Истомленный усталостью, раной, потерей крови, он неприметно сошел с дороги, наткнулся в темноте на широкий пень, присел на него и склонился головою к коленям…

Очнулся он только утром. Солнце всходило, пробиваясь сквозь темную тучу и бросая первые красные лучи на багрянеющие стволы высоченного «корабельного» сосняка.

Бой шел где-то близко. Пушки молчали, но непрерывно трещала винтовочная и автоматная стрельба. Заглушая ее, зарокотали два пулемета, перебивая друг друга, умолкая и вновь заливаясь лаем, словно два верных дворовых пса, разбуженных одной и той же тревогой…

Варакин увидел конную повозку, рысцой протарахтевшую метрах в двадцати от него. Значит, дорога была рядом. Он поднялся со своего пенька и пошел по дороге.

Первый попался навстречу ему шедший пешком санинструктор с сумкой.

– Товарищ военврач, вы ранены. Вам бы в санбат! Вон там, в кустах, за железной крышей. Я вас провожу…

Но на дороге появилась машина. Варакин остановил ее, с помощью санинструктора залез в кузов и, мучаясь от тряски, поехал в направлении штаба, по бывшей улице теперь сожженной деревни. Запах гари висел в воздухе.
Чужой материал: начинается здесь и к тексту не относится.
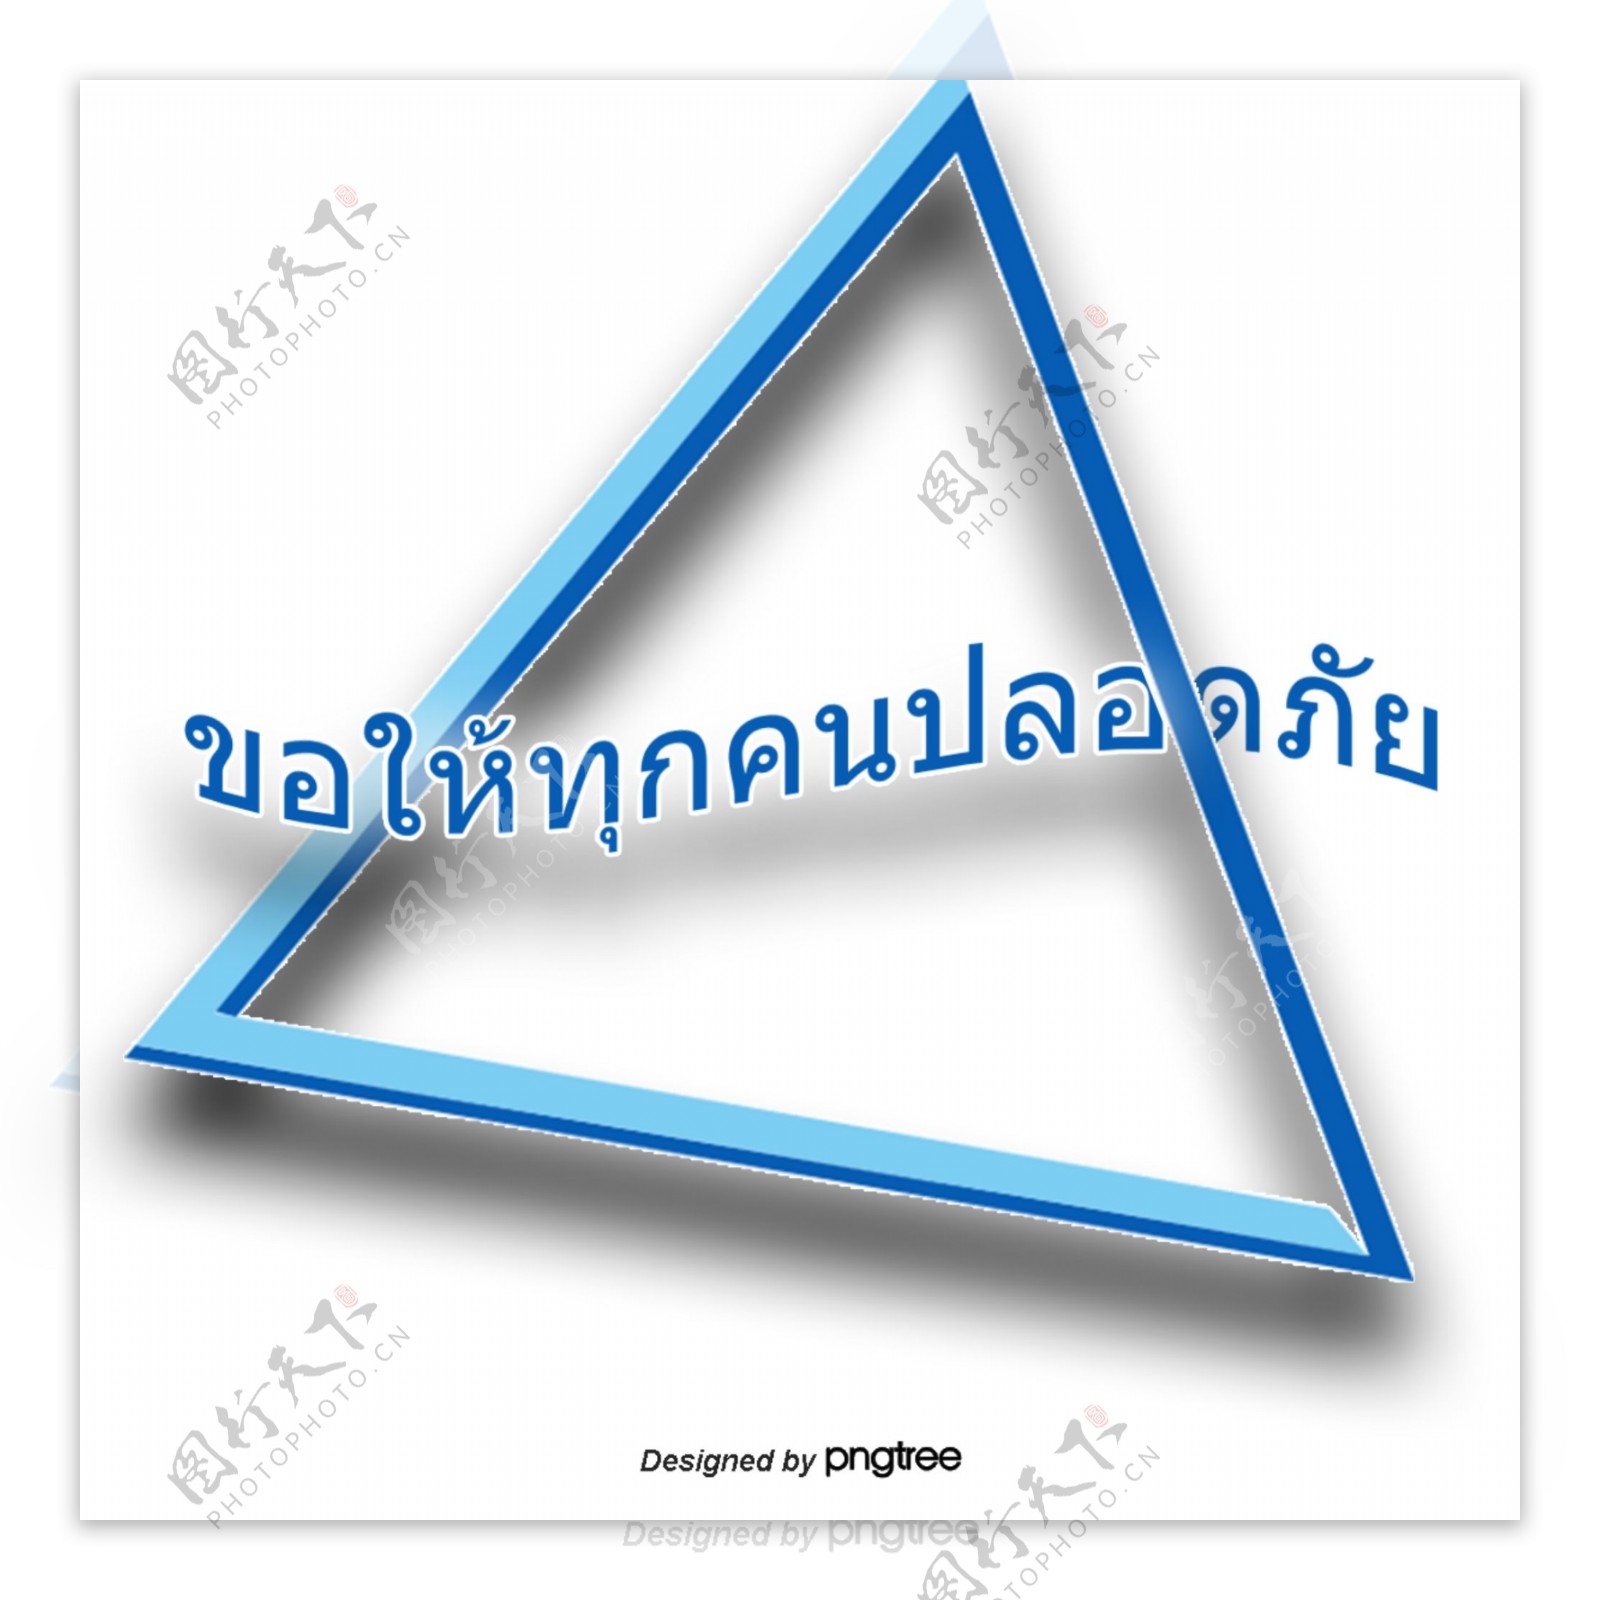 汉字字体的蓝色三角形泰国人的安全
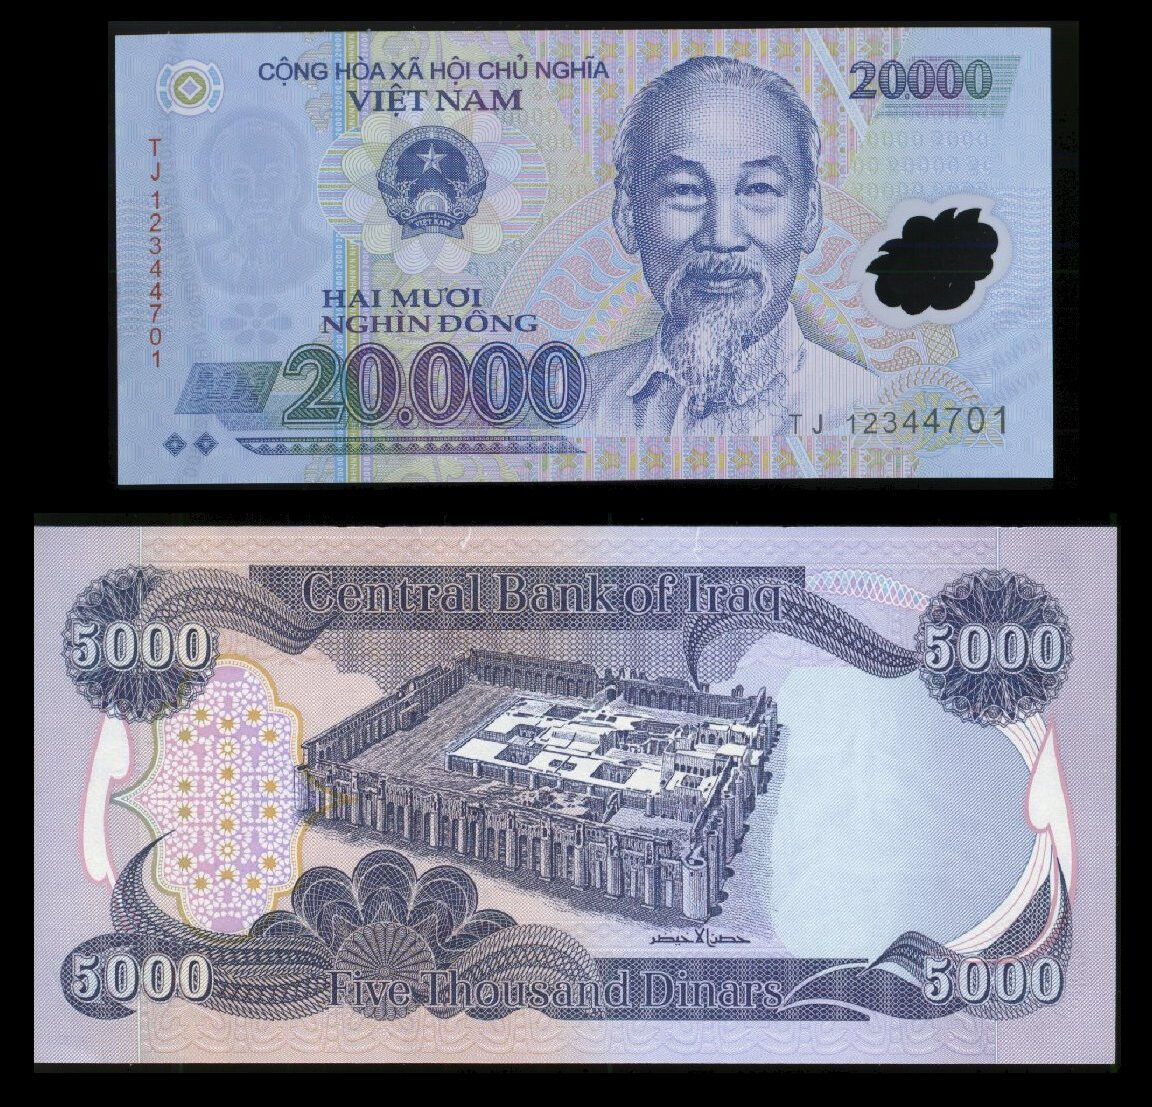 5000 Iraq Dinar + A Free 20,000 Vietnam Dong W/ Dinar Purchase

Когда фронт, судя по звукам, был уже рядом, шофер, словно прося извинения, сказал, что ему дальше ехать нельзя.

– Спасибо, – пробормотал Варакин, сошел с машины и двинулся пеше между остовами печей, двумя горелыми танками и кустами.

За грудой развалин какого-то дома, – должно быть, школы, – стояли минометы, каждую минуту посылавшие в воздух по мине.

В купе берез в овражке затаилась зенитная батарея. Рядом с нею выгружали снарядные ящики. Бойцы как раз сняли последний ящик, машина отъехала, а зенитчики закурили.

– Товарищи, угостите махоркой, – попросил Михаил.

Его угостили с охотой, спросили, откуда он, и он снова рассказывал, восстанавливая в воображении раздирающие душу детали гибели раненых и врачей санобоза под огнем вражеских танков.

– Ну что ж, на то одно слово – фашисты! – сказал боец в заключение его рассказа.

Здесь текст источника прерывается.